▸ **WORK INSTRUCTIONS**: Read the records below. Copy each line where the string "image" occurs.

Stored items from a collection
• • • • • • •

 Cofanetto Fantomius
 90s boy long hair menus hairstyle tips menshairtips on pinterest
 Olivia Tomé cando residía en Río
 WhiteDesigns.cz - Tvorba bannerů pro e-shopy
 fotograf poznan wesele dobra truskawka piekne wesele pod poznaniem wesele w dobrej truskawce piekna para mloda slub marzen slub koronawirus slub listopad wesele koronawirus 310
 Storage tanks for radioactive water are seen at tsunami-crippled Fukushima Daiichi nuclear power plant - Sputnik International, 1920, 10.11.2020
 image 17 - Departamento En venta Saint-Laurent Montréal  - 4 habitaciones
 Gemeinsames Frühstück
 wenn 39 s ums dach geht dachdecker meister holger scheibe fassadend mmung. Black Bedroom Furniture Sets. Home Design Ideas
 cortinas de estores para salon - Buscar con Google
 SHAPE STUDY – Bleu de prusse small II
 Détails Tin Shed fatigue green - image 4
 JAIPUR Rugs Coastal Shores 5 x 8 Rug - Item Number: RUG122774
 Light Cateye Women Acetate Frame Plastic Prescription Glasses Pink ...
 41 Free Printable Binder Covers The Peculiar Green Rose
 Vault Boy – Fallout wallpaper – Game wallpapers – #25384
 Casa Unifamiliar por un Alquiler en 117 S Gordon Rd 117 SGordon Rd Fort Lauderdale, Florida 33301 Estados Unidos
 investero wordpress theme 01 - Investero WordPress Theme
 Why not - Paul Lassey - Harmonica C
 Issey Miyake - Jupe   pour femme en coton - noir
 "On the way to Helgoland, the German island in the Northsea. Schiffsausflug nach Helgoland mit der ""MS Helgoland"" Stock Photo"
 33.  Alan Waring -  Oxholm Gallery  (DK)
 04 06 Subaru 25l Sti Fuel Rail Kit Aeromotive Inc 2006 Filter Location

• • • • • • •

▸ **TASK RESPONSE**:
 image 17 - Departamento En venta Saint-Laurent Montréal  - 4 habitaciones
 Détails Tin Shed fatigue green - image 4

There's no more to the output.